Collection entries
= = = =
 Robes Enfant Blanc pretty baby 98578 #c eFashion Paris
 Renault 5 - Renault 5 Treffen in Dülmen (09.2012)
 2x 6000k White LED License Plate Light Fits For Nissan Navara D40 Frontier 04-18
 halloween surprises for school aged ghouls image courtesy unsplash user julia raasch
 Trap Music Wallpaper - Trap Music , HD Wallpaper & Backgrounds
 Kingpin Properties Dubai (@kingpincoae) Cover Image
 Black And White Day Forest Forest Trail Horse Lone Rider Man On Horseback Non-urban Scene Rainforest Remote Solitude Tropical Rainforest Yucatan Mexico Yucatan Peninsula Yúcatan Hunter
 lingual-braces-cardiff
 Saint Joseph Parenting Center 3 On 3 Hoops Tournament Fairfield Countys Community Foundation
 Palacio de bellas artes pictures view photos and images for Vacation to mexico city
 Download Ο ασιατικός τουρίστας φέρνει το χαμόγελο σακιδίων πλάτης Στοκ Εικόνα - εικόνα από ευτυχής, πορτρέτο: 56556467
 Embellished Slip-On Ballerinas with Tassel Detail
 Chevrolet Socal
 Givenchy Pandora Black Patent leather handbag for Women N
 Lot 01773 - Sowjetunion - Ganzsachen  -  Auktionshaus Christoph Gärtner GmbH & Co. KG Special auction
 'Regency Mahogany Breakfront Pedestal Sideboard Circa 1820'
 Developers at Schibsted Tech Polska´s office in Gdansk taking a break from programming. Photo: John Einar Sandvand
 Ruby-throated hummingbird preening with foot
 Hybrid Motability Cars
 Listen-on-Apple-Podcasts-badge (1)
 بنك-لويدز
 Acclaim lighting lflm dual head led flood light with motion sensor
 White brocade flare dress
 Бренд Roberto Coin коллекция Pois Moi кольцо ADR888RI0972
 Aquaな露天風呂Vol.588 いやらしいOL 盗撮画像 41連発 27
= = = =
YOUR ASSIGNMENT: Show every line in the entries above that contains the string "White".

RESPONSE BOX:
 2x 6000k White LED License Plate Light Fits For Nissan Navara D40 Frontier 04-18
 Black And White Day Forest Forest Trail Horse Lone Rider Man On Horseback Non-urban Scene Rainforest Remote Solitude Tropical Rainforest Yucatan Mexico Yucatan Peninsula Yúcatan Hunter
 White brocade flare dress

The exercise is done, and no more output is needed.